#### [TASK MATERIAL]
------------------------------------------------------------

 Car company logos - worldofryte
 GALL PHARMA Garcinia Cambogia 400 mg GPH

------------------------------------------------------------

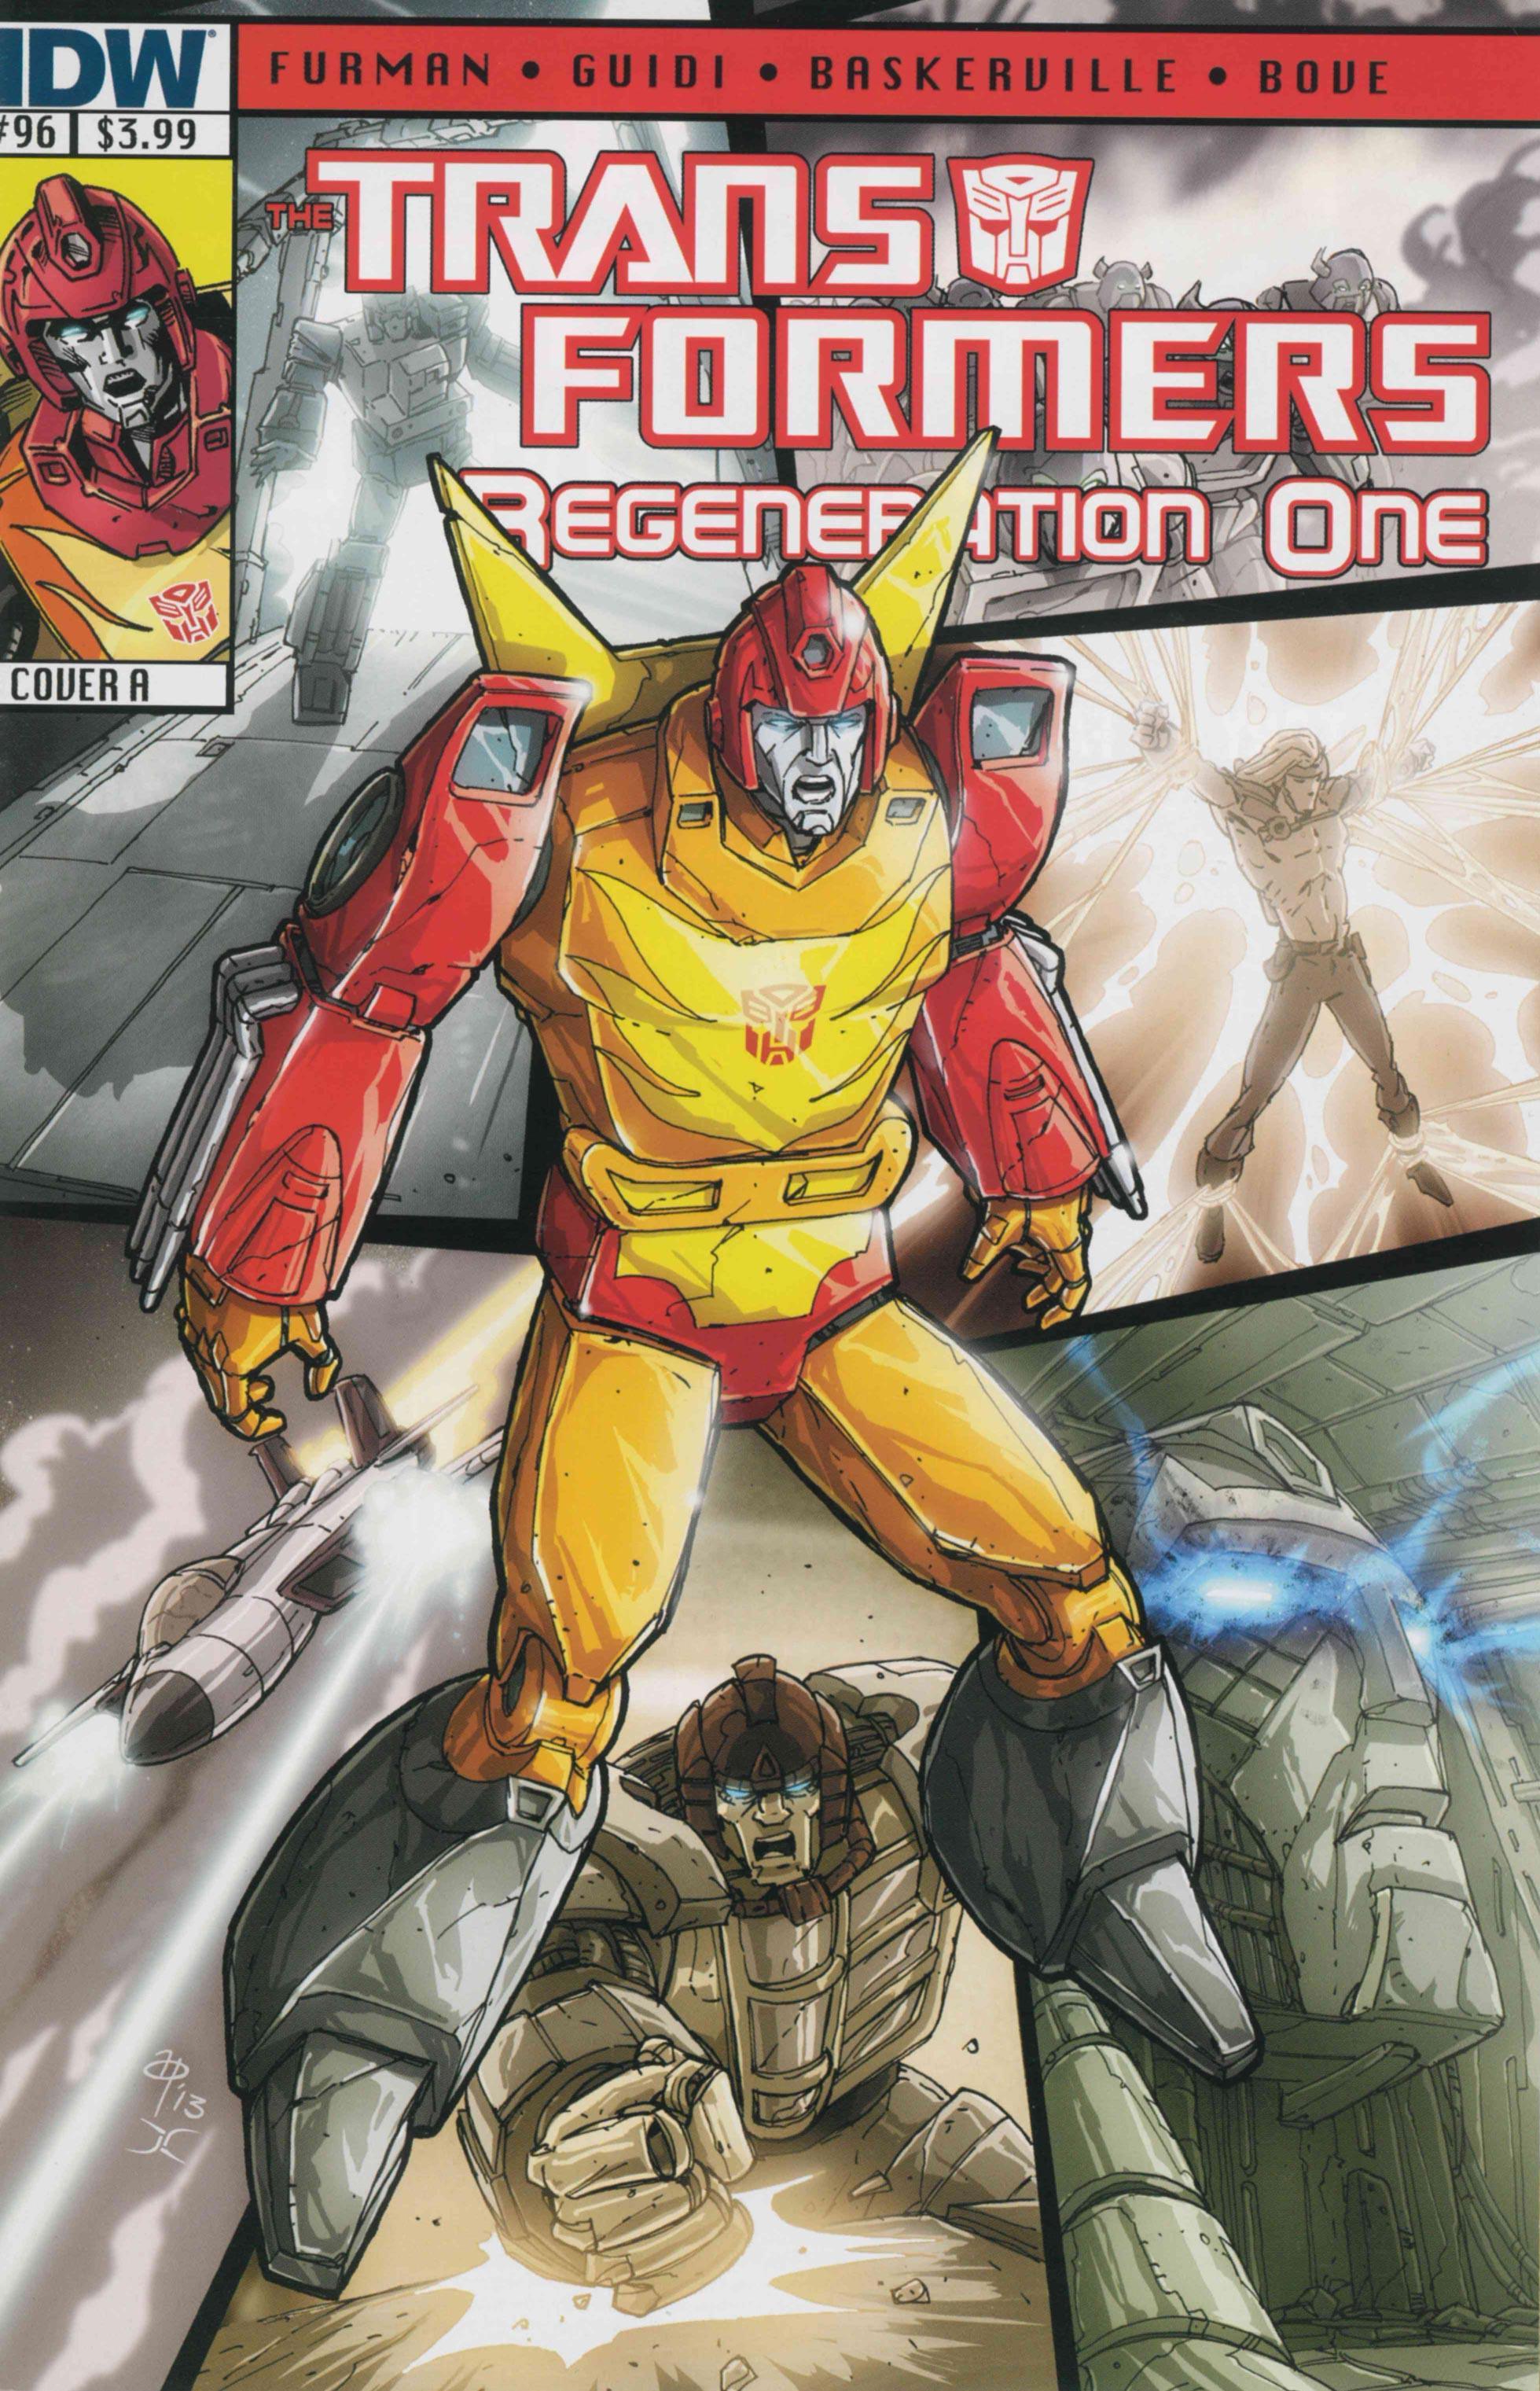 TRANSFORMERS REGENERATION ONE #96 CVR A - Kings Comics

------------------------------------------------------------

#### [REQUIREMENT]
Using the records above, write out exactly the lines between the one holding "Car company logos - worldofryte" and the one holding "GALL PHARMA Garcinia Cambogia 400 mg GPH", inclusive; leave everything else out.

#### [SOLUTION TO THIS TASK]
 Car company logos - worldofryte
 GALL PHARMA Garcinia Cambogia 400 mg GPH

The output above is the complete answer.